TASK ITEM: Make an exact copy, without pictures, of the lines below from the one containing "Walt Disneys Comics and Stories 217 Page 1" to the last line, both ends included.

━━ RECORDED DATA

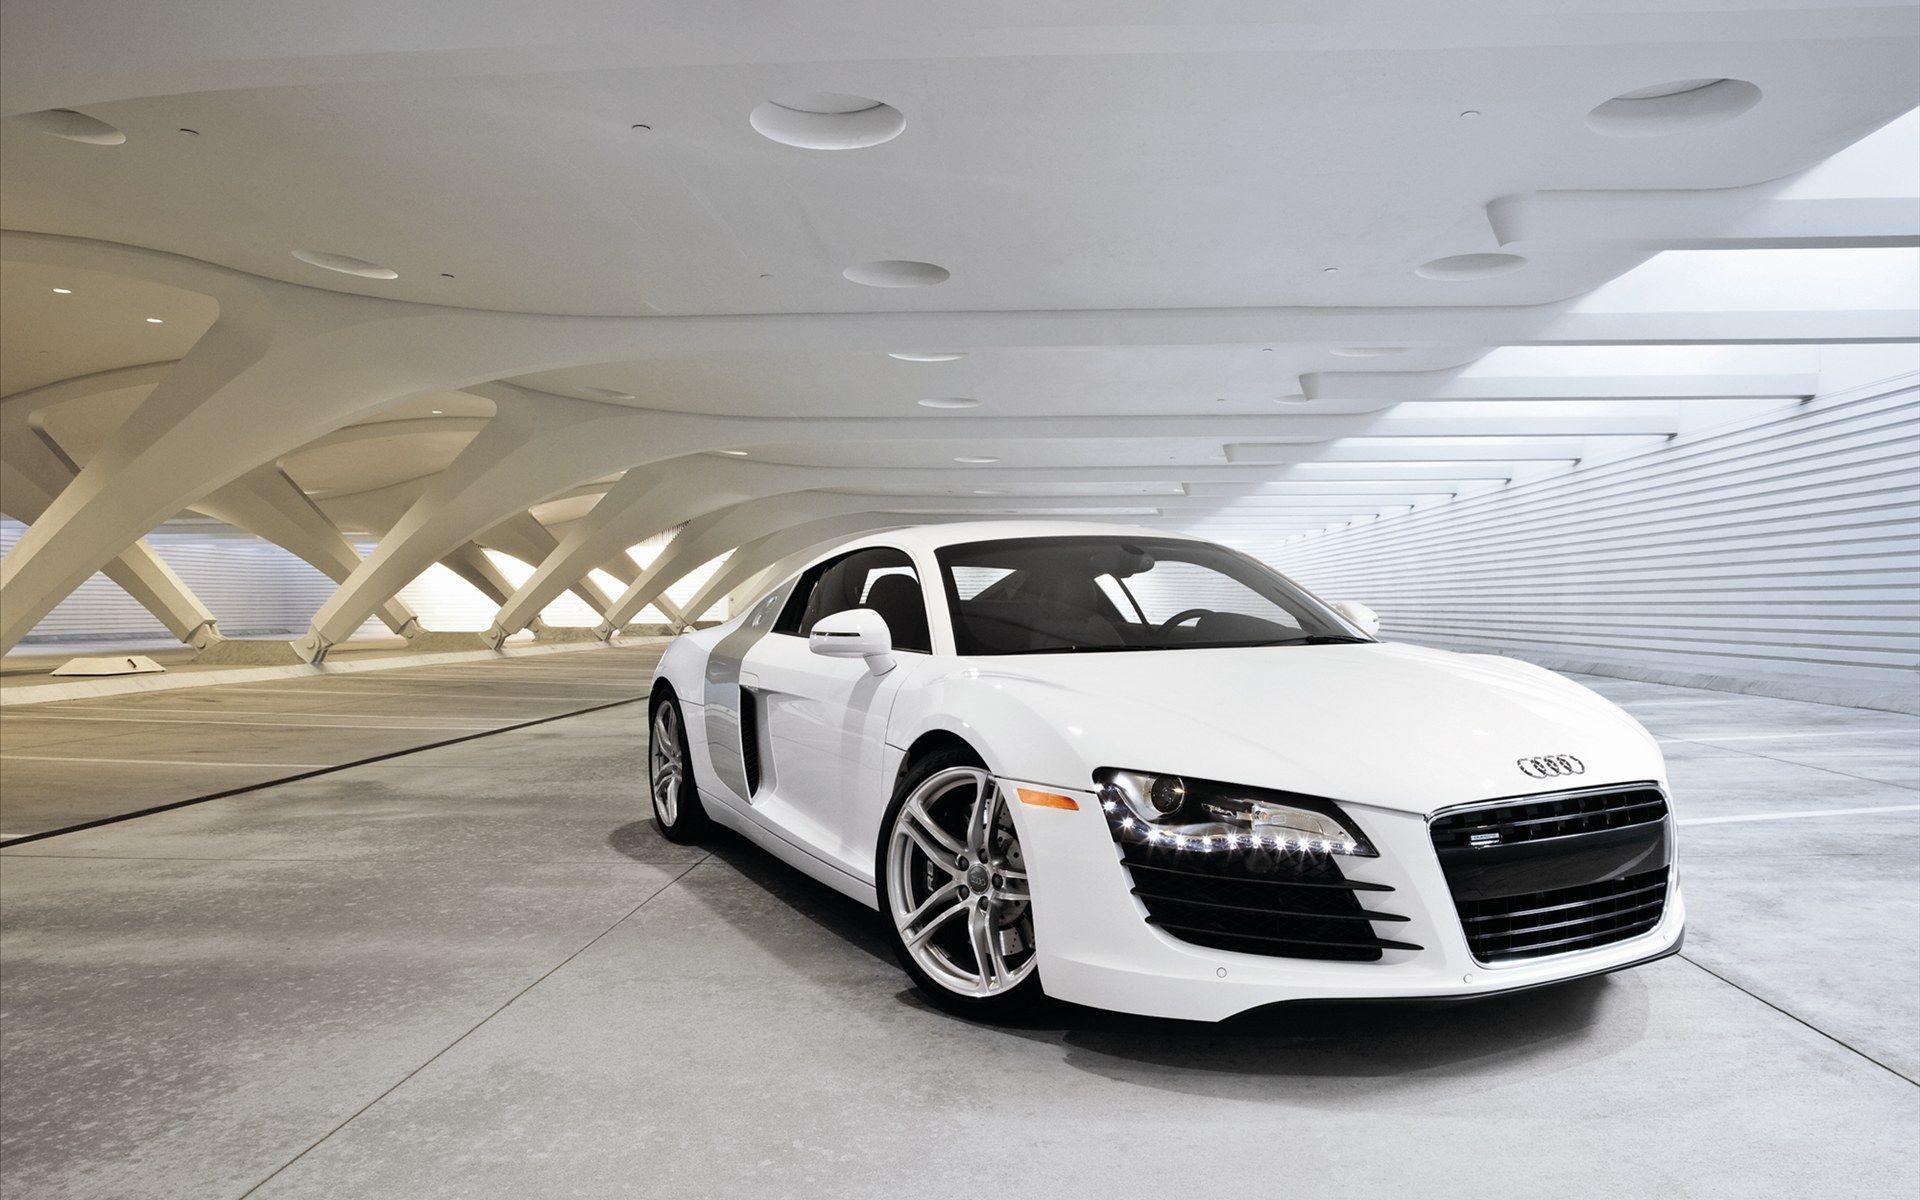 Audi Car Wallpapers Top Free Audi Car Backgrounds
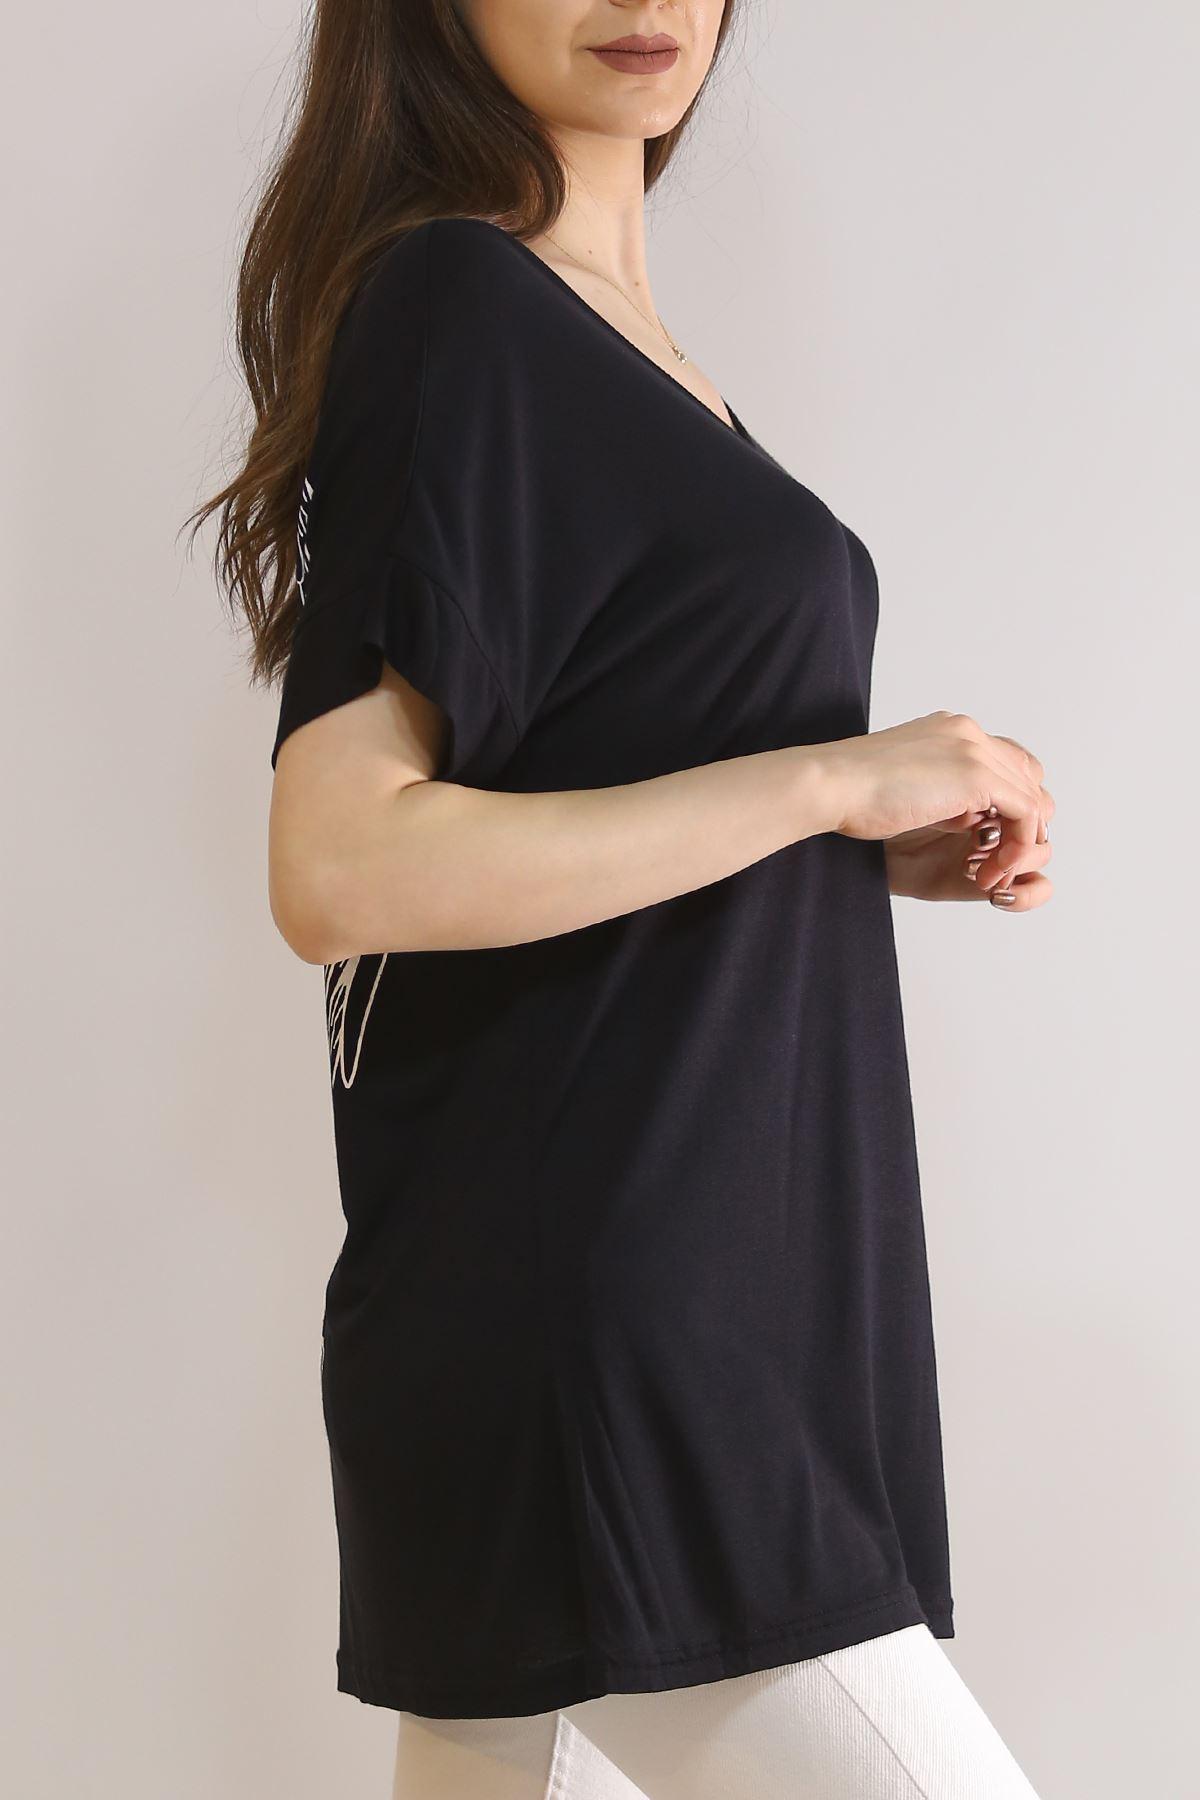 Kanat Baskılı Tişört Siyah - 5825.1092.
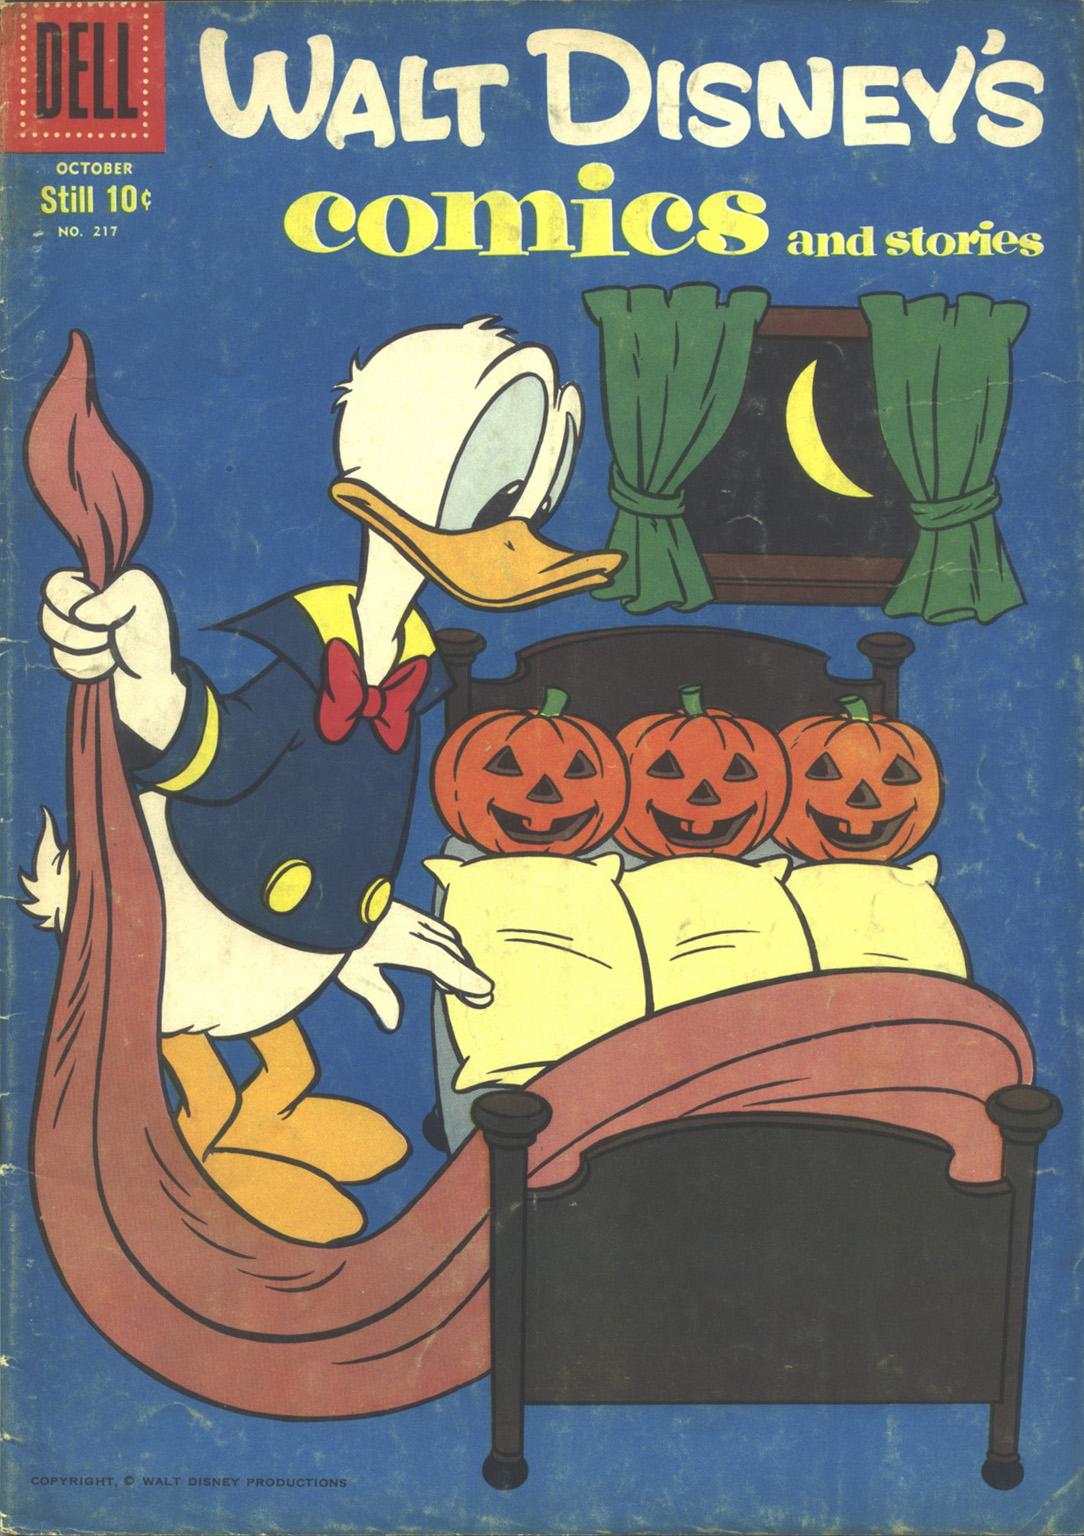 Walt Disneys Comics and Stories 217 Page 1
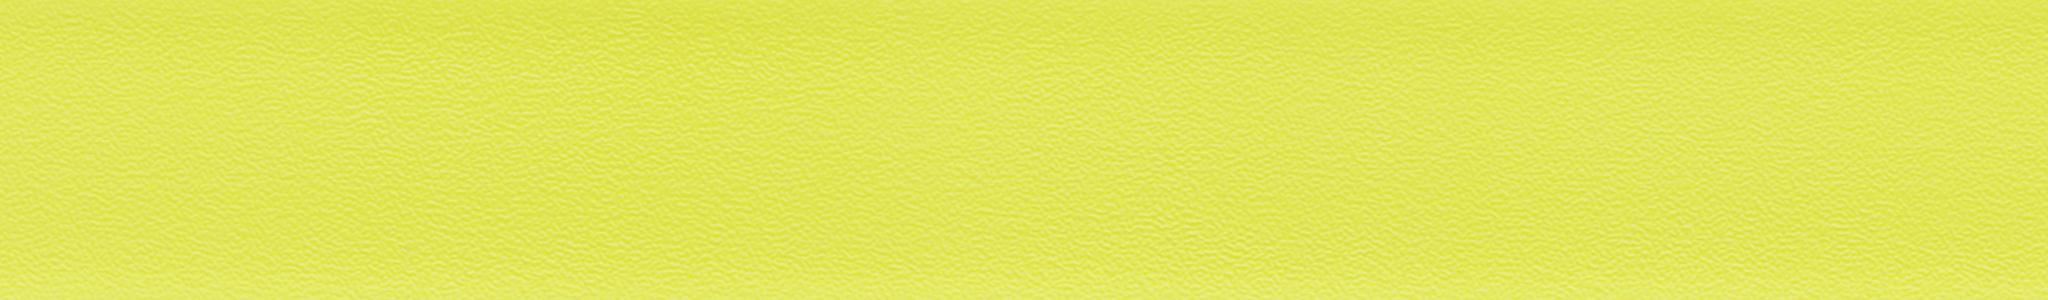 HU 161856 ABS hrana zelená perla 101

━━━━

SOLVED EXERCISE:
 Walt Disneys Comics and Stories 217 Page 1
 HU 161856 ABS hrana zelená perla 101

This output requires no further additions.